Work instruction:
Repeat the data that follows, word for word, without the images.

*** Source material

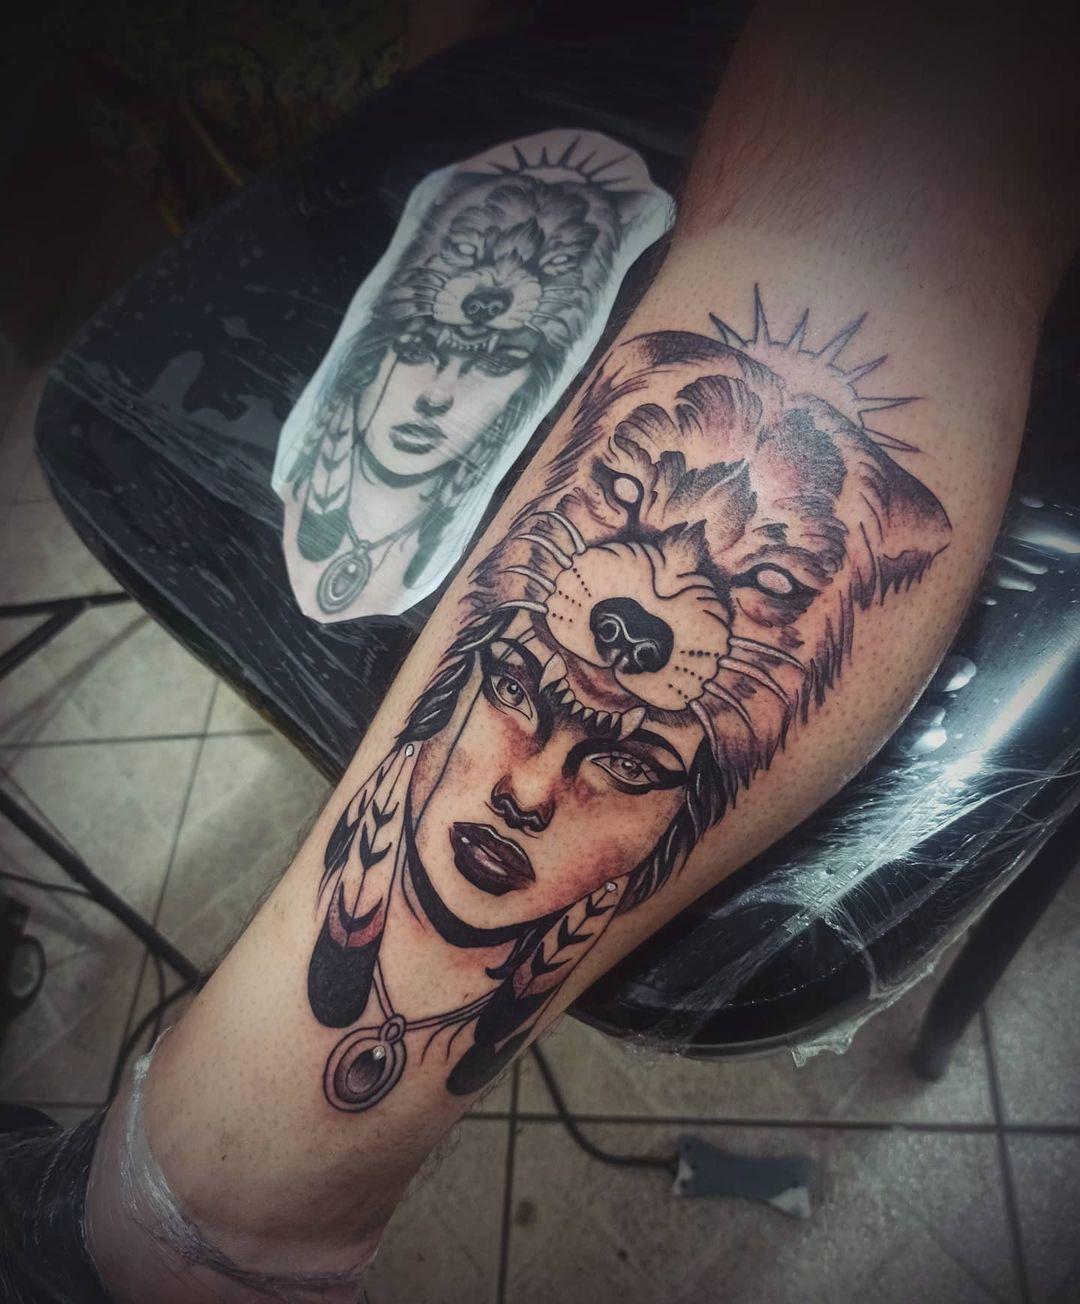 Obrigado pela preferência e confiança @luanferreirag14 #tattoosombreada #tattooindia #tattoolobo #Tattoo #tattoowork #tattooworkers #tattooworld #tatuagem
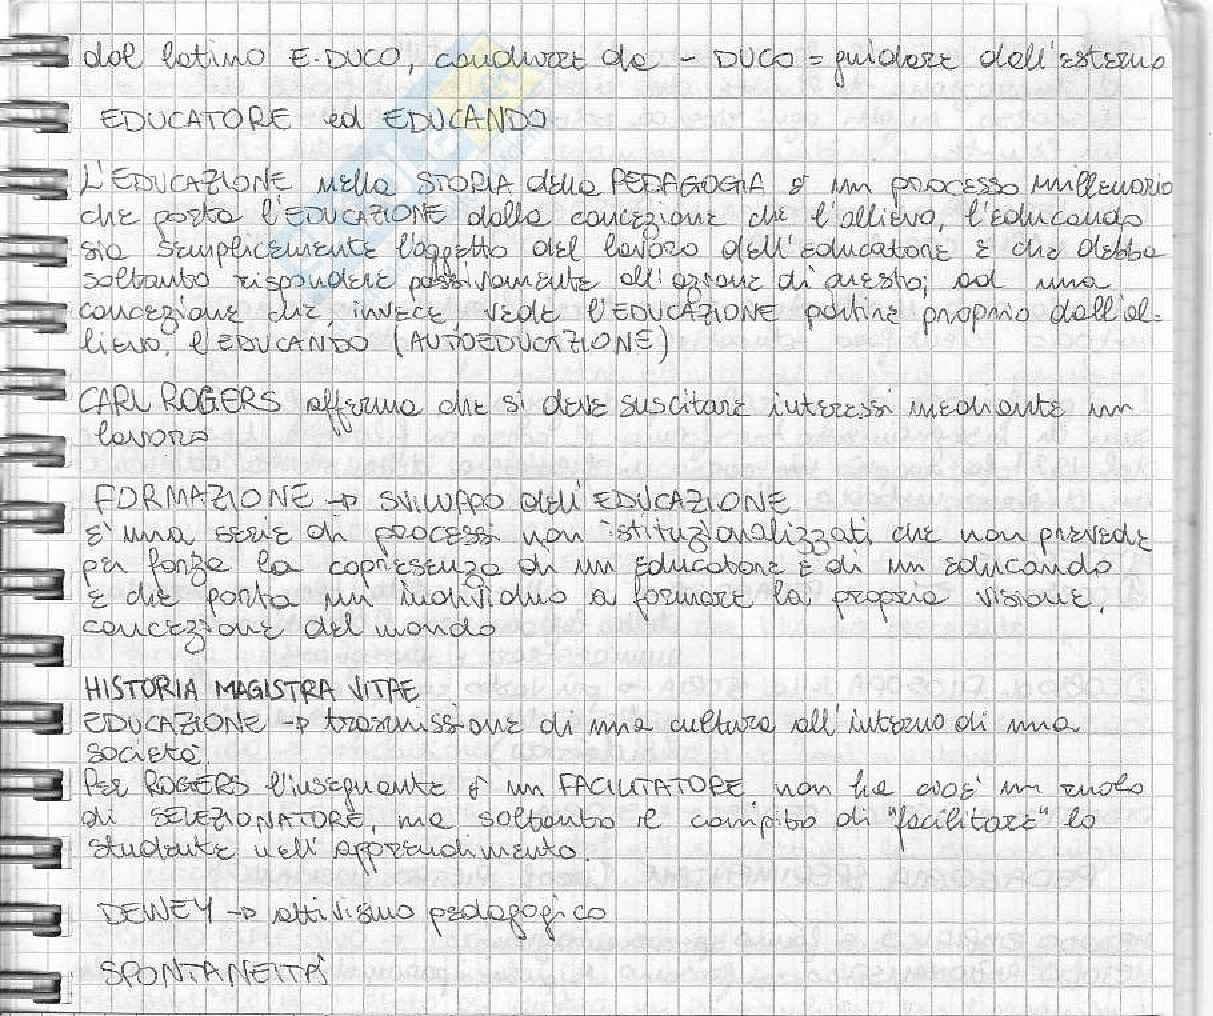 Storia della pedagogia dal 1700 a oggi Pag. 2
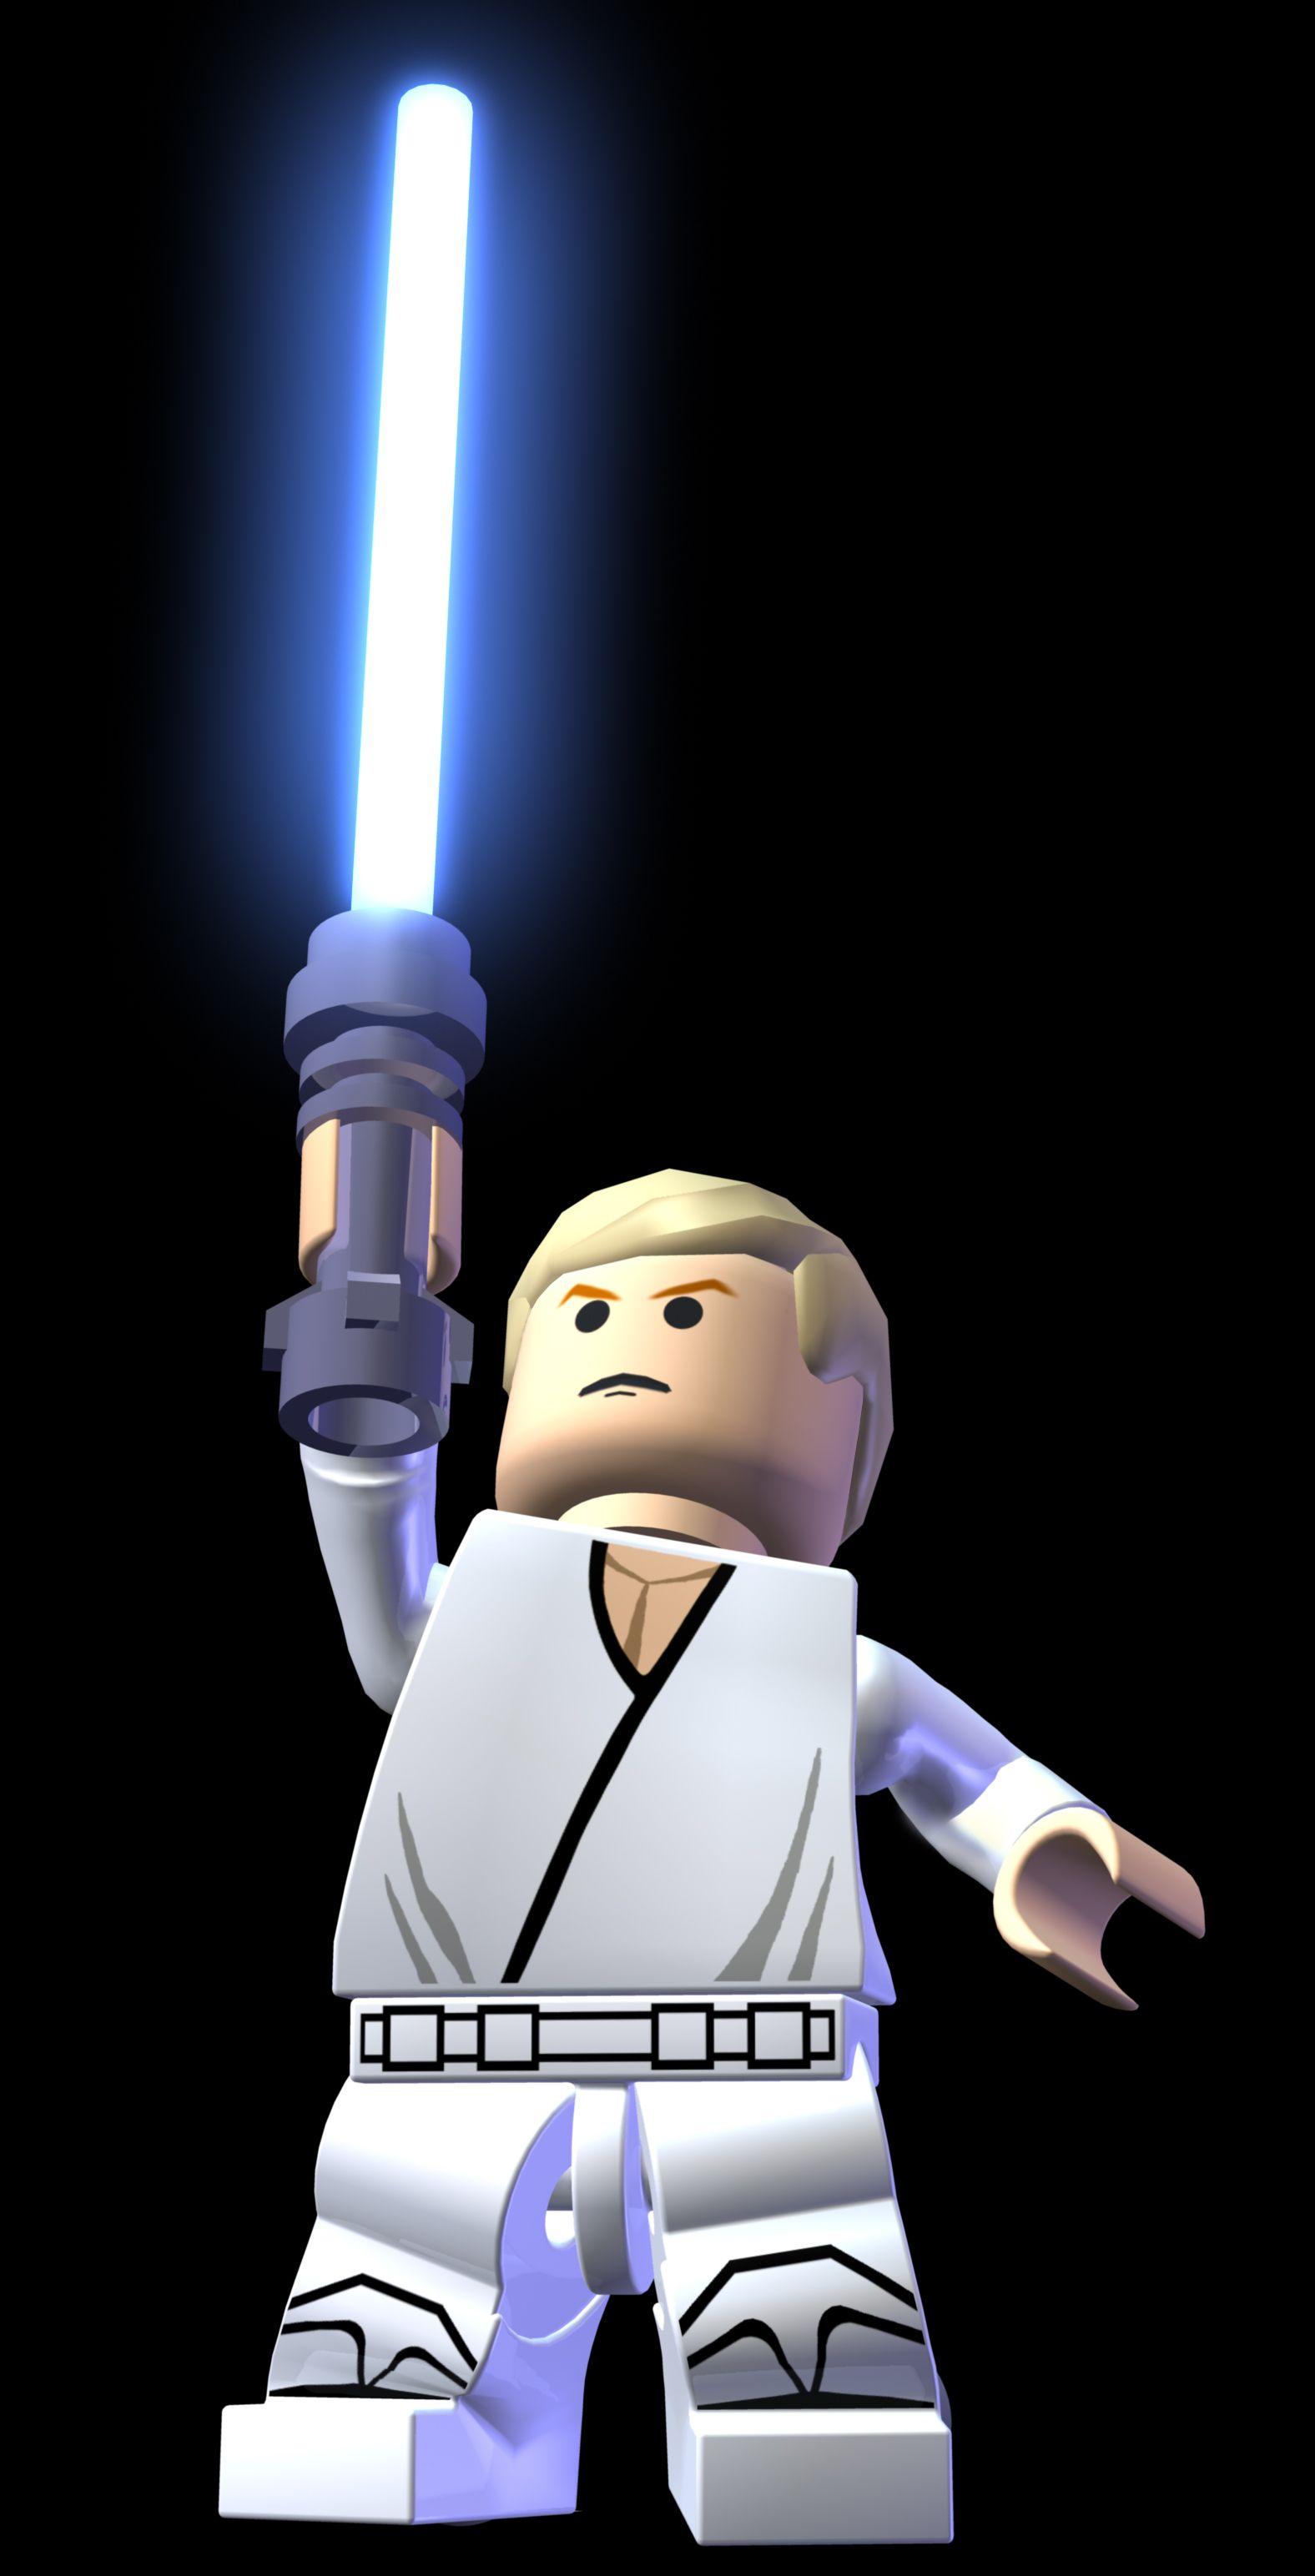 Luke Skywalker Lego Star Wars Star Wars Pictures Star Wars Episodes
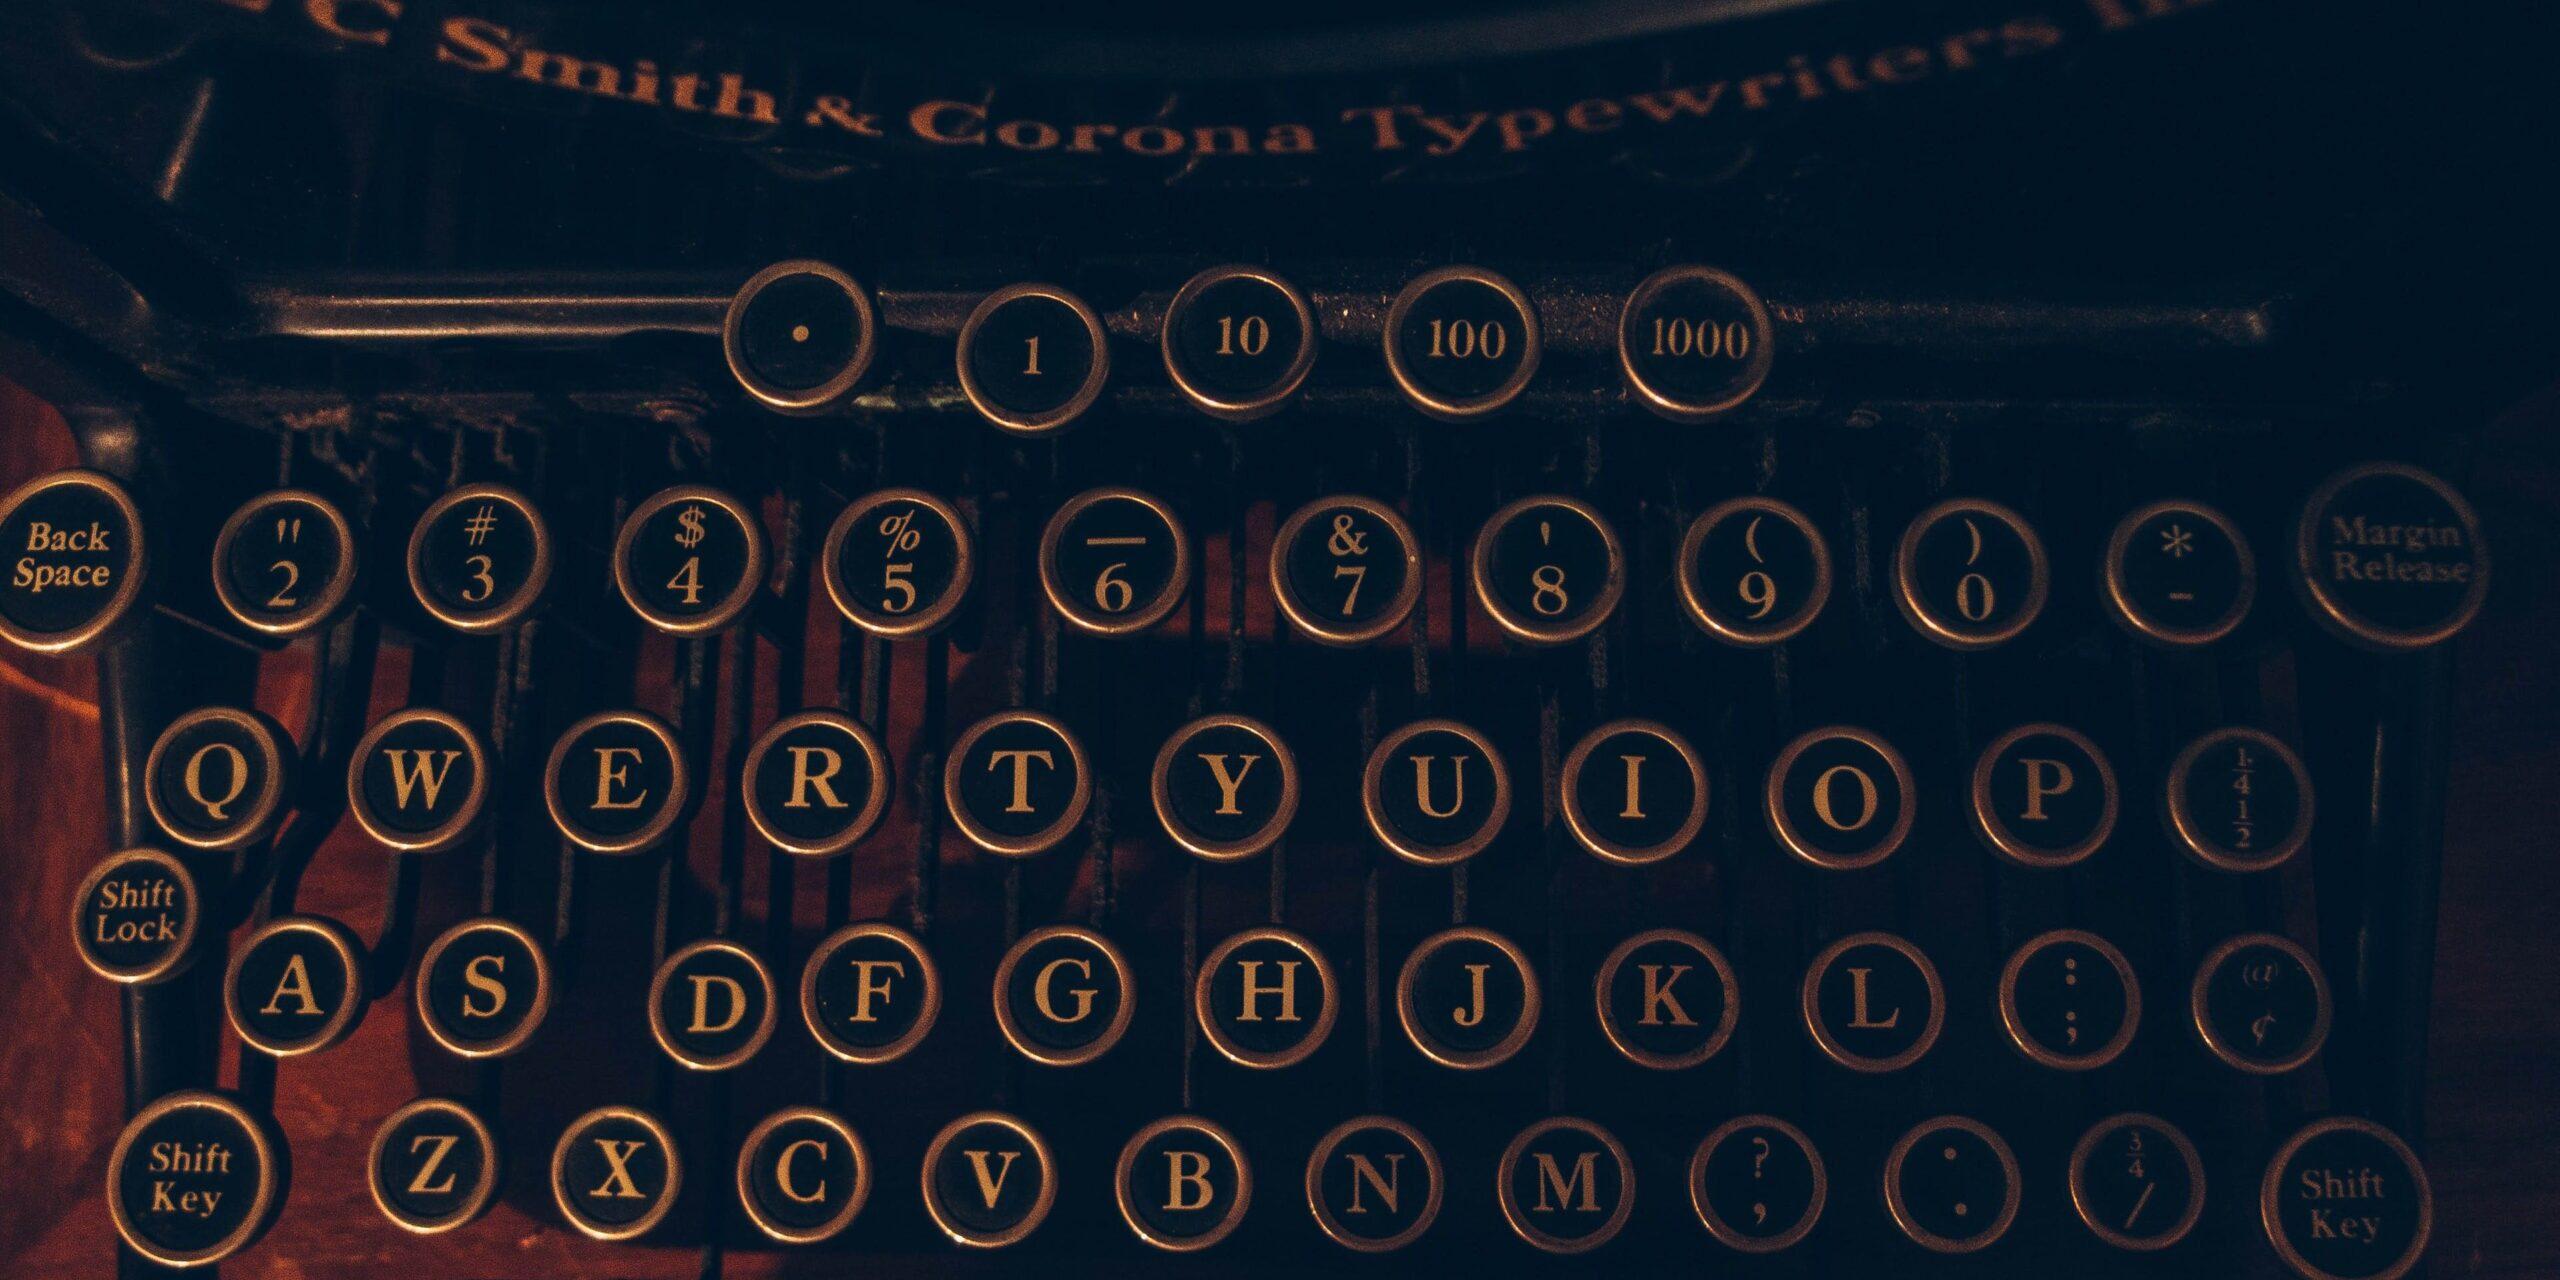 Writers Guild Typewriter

******

Expected answer:
 Obrigado pela preferência e confiança @luanferreirag14 #tattoosombreada #tattooindia #tattoolobo #Tattoo #tattoowork #tattooworkers #tattooworld #tatuagem
 Storia della pedagogia dal 1700 a oggi Pag. 2
 Luke Skywalker Lego Star Wars Star Wars Pictures Star Wars Episodes
 Writers Guild Typewriter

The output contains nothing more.